In July 2026, former employee of the prime minister's residence Yehiel Ohev-Ami sued Sara Netanyahu for 300,000 NIS ($98,000), alleging verbal and physical abuse, including that she shoved him against a wall on multiple occasions. He also alleged that Netanyahu, an educational psychologist, "diagnosed" him with autism and then demanded compensation for the diagnosis. The prime minister's office denied the allegations, stating that Ohev-Ami had been dismissed after a short period for professional reasons, and that he had filed the lawsuit only after unsuccessfully seeking reinstatement at the residence. The following month, Rami Ben Hamo, who had worked in the prime minister's office and residence for over a decade, also sued Netanyahu, alleging that she had required him to work unlawfully long hours, perform demeaning tasks, and subjected him to verbal abuse and deragatory ethnic remarks, including calling him an "unsophisticated Moroccan." The prime minister's office denied the allegations, describing them as fake news and part of a "witch hunt" that intensified during election campaigns.
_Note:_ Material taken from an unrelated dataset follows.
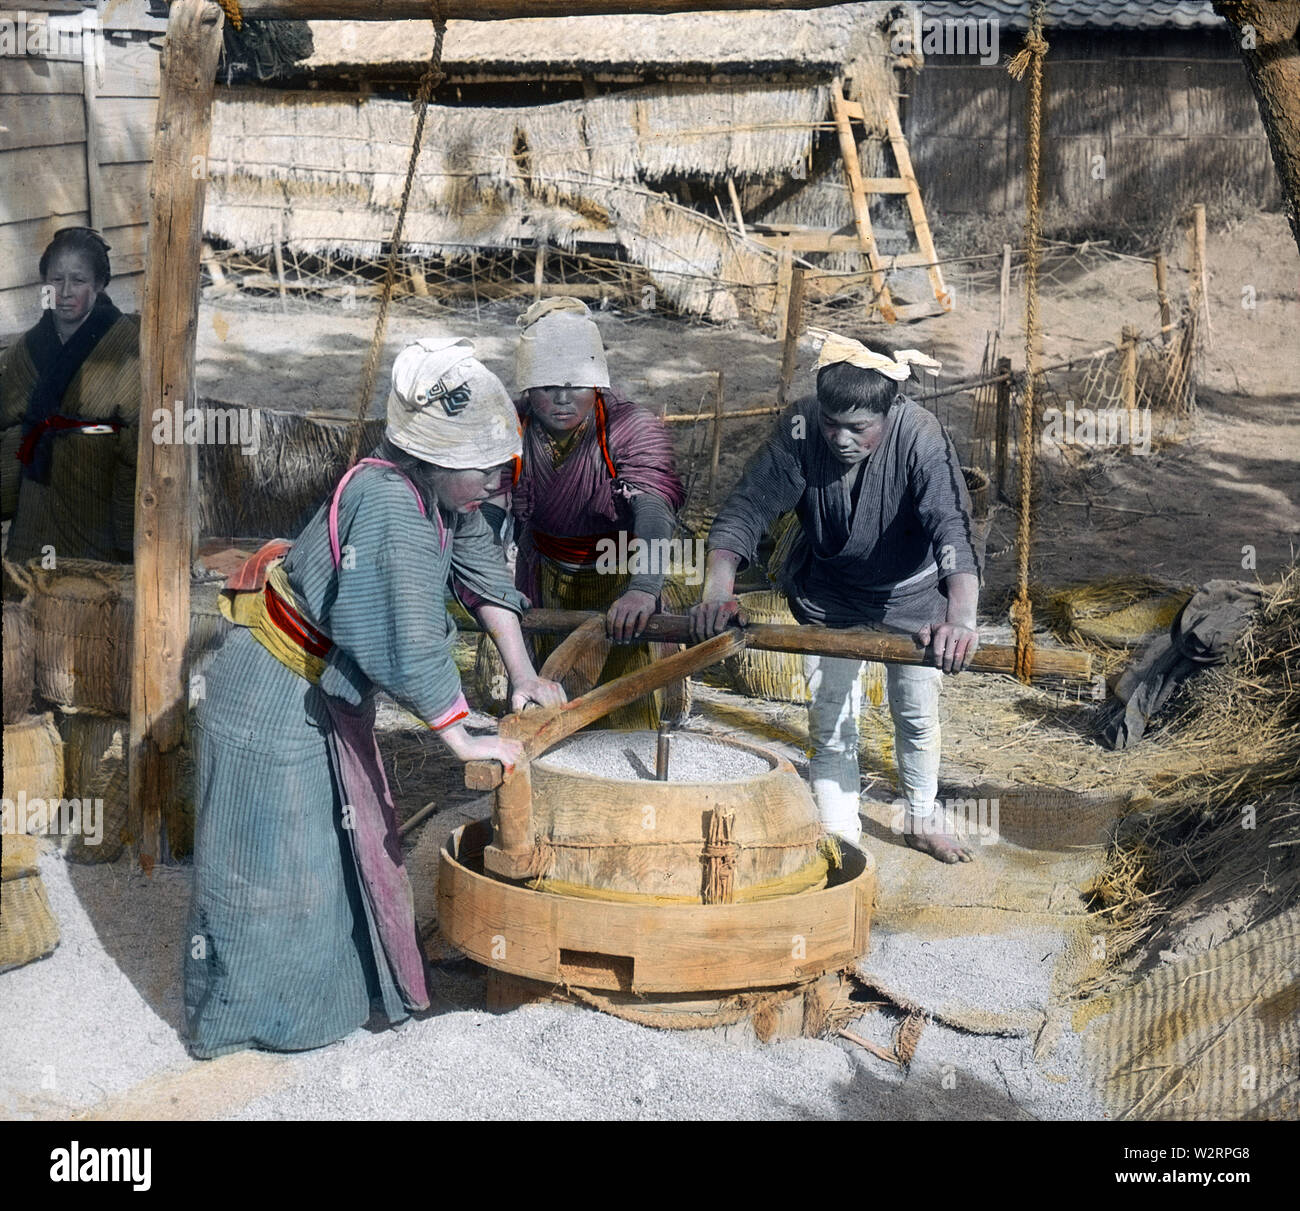 [1890s Japan - Japanische Bauern schälen Reis] - Drei Landwirte sind schälen Reis in einem traditionellen Mühle aus dem 19. Jahrhundert vintage Glas schieben. Stockfoto

=== Misuse of public funds ===
In 2015, reports surfaced that Netanyahu had ordered catered meals and charged the government nearly $100,000 for the expenses when the Prime Minister's Office already employed a cook. Police recommended indicting her in 2016. On September 8, 2017, Attorney General Avichai Mandelblit announced that Netanyahu would be charged with ordering meals at the state's expense without authorization. On 17 January 2018, the pre-indictment hearing was held. Netanyahu's lawyers met with Mandelblit, while she herself did not attend, breaking with usual custom. After negotiations for a plea bargain collapsed, the trial was set for July 19. Netanyahu's lawyers argued that the meals were ordered by an assistant for visiting dignitaries.

On 16 June 2019, Netanyahu signed a plea deal and was convicted of misusing state funds, with the more severe charge of fraud being dropped. She was ordered to pay 55,000 NIS ($15,275) to the state.